2025-07-16 14:55:20
The latest US CPI data is a mixed bag on the surface but tells a clearer story when I dig deeper. The month-over-month CPI comes in at 0.3%—right on expectations. The core CPI prints at 0.2%, a touch below the 0.3% forecast but still higher than last month’s 0.1%. Year-on-year, the headline CPI jumps to 2.7% (from 2.4%), beating expectations, while core CPI edges up to 2.9%—below forecast but still higher than the prior.
Even when a few releases surprise to the downside, every single metric is higher than the previous, confirming the persistence of inflation.
I dig under the hood and see that the primary inflationary pressures are tariff-driven. Shelter costs rise 0.3% and remain a key inflation driver—this alone makes up over one-third of the CPI basket. Transport prices also climb 0.4%, likely reflecting the cost impact of tariffs. Apparel and household goods are also up 0.4%, again pointing to rising import costs.
Despite some optimism at the surface, inflation isn’t cooling meaningfully. The Fed is still facing sticky pricing pressures. That’s why I see expectations for rate cuts being walked back. CME FedWatch now shows only a 2% chance of a rate cut this month. The market now prices just one 25bp cut before year-end—down from expectations for 75bps just weeks ago.

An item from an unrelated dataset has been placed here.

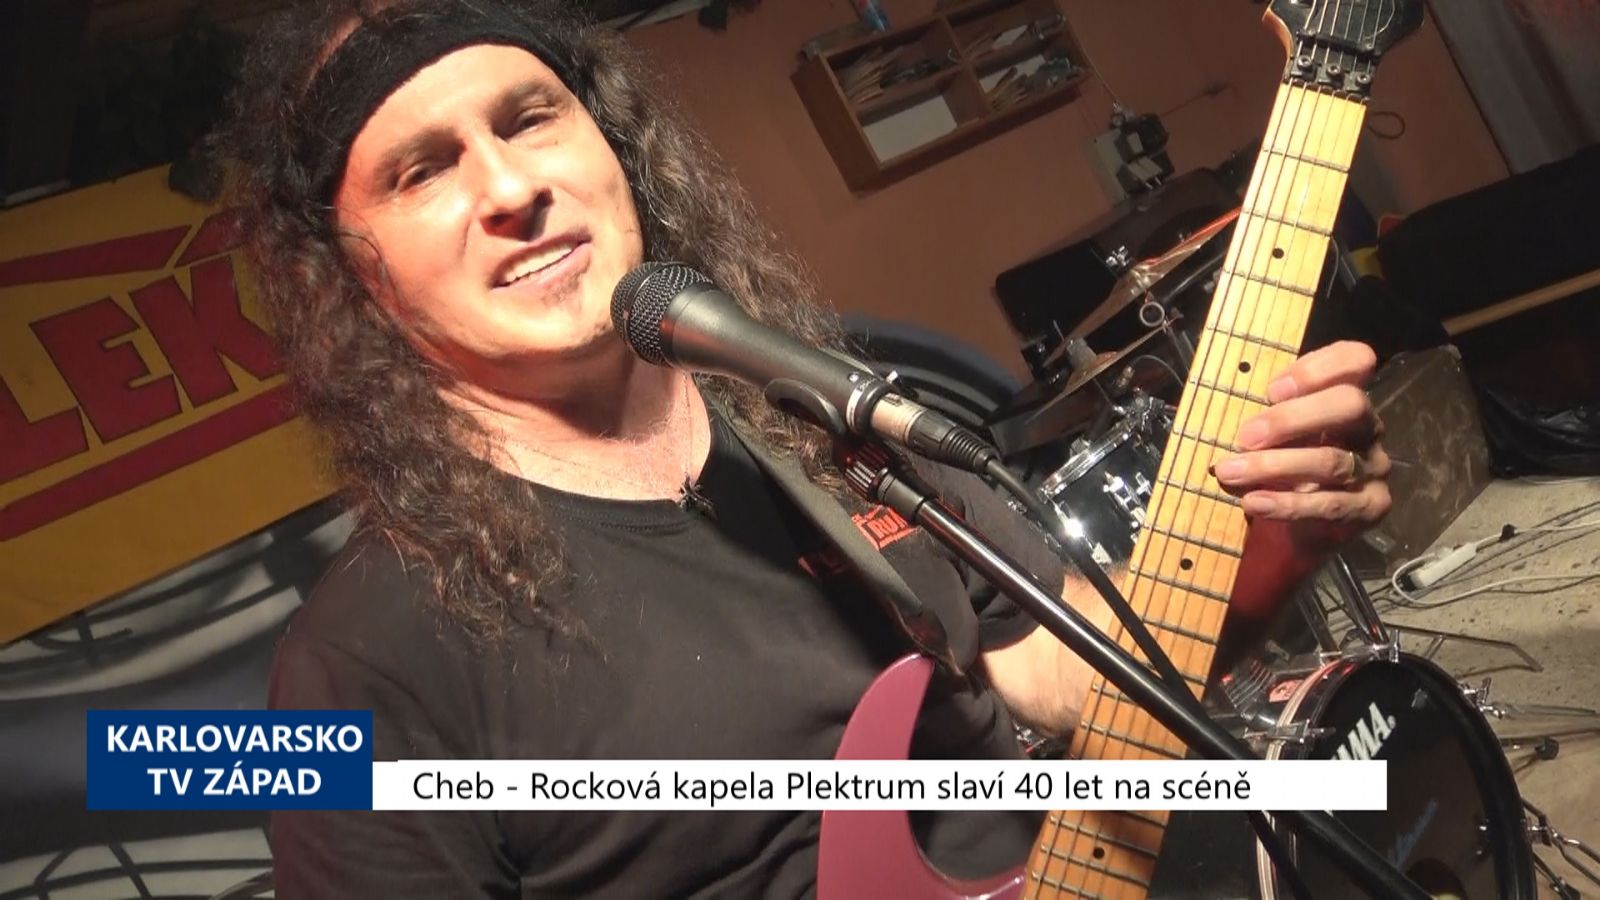 Cheb: Rocková kapela Plektrum slaví 40 let na scéně (TV Západ)
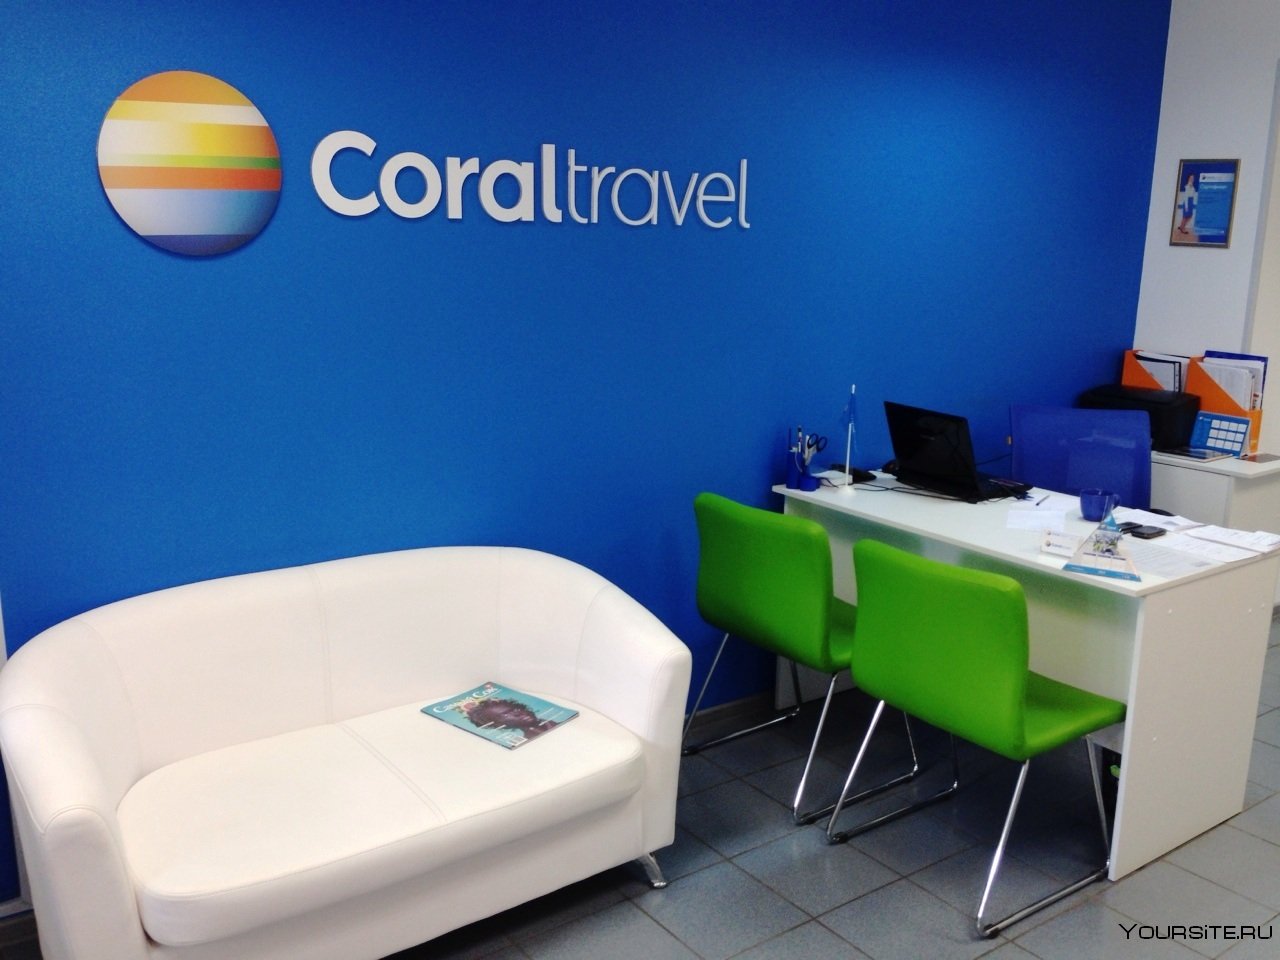 Coral адреса. Туристическое агентство Coral Travel. Офис Корал Тревел. Coral Travel офис. Coral Travel турагентство.

As expected, the US dollar rallies after the data, confirming my bias. DXY jumps after a brief pause and consolidates higher. I’m looking for shorting opportunities on EUR/USD, GBP/USD, and AUD/USD. The only trade lagging is my long gold position, which I still believe in structurally, but timing is key. I don’t see the capital rotation needed yet for a sustained move higher in gold.
Looking forward, I stay bullish on the dollar. Any dips are buying opportunities. I’m especially focused on USD/JPY for longs and staying short anything major against the USD.